The records –
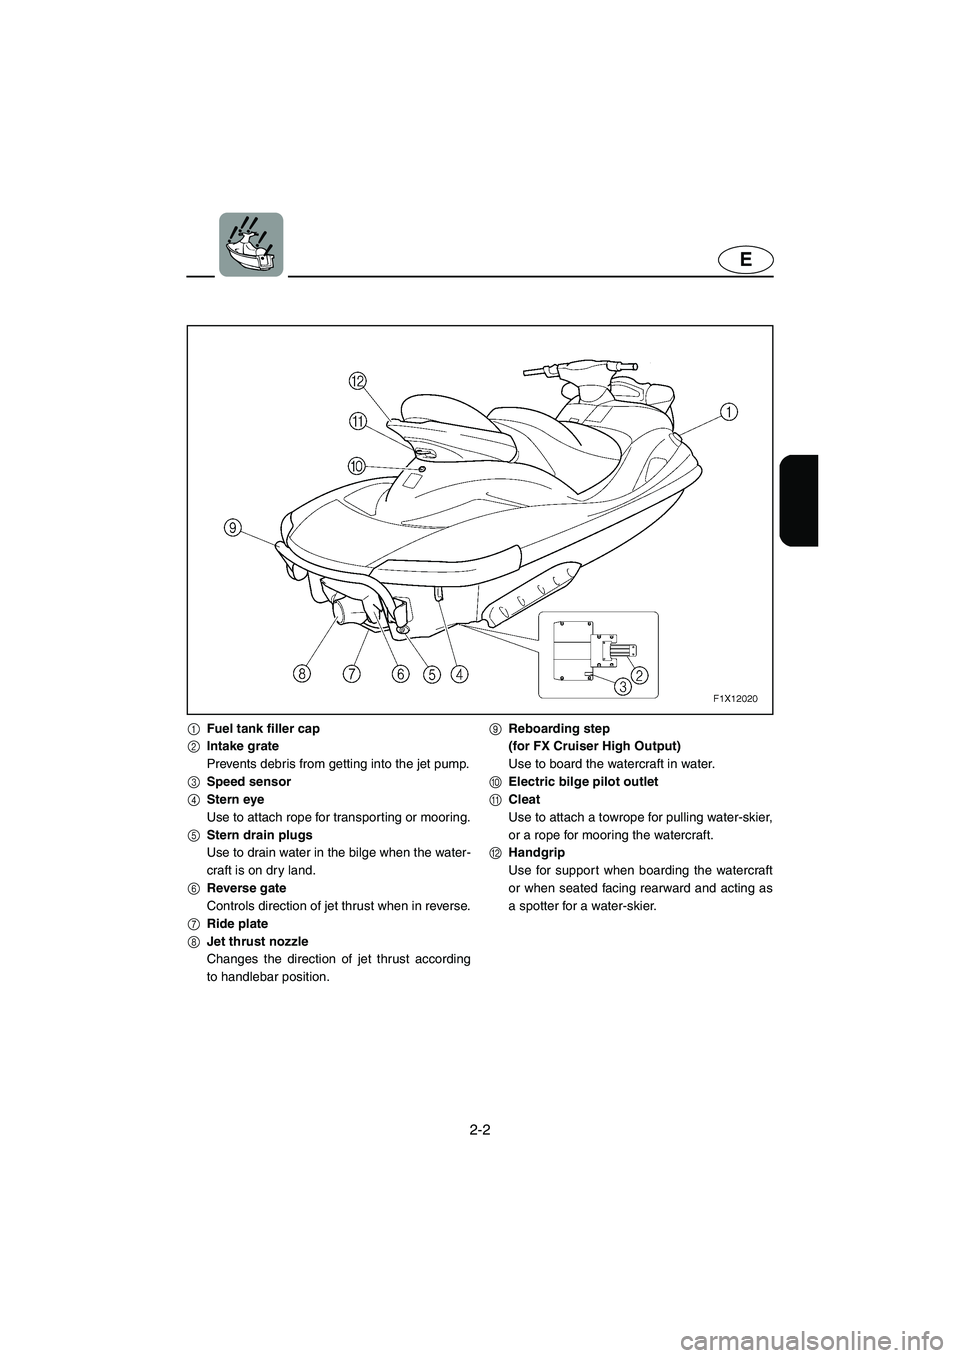 YAMAHA FX HO 2006  Owners Manual 2-2
E
1Fuel tank filler cap
2Intake grate
Prevents debris from getting into the jet pump.
3Speed sensor
4Stern eye
Use to attach rope for transporting or mooring.
5Stern drain plugs
Use to drain water

Work to be completed –
Word for word, repeat the lines that begin at the one with "Prevents debris from" and continue to the end of the listing above.

Task solution –
Prevents debris from getting into the jet pump.
3Speed sensor
4Stern eye
Use to attach rope for transporting or mooring.
5Stern drain plugs
Use to drain water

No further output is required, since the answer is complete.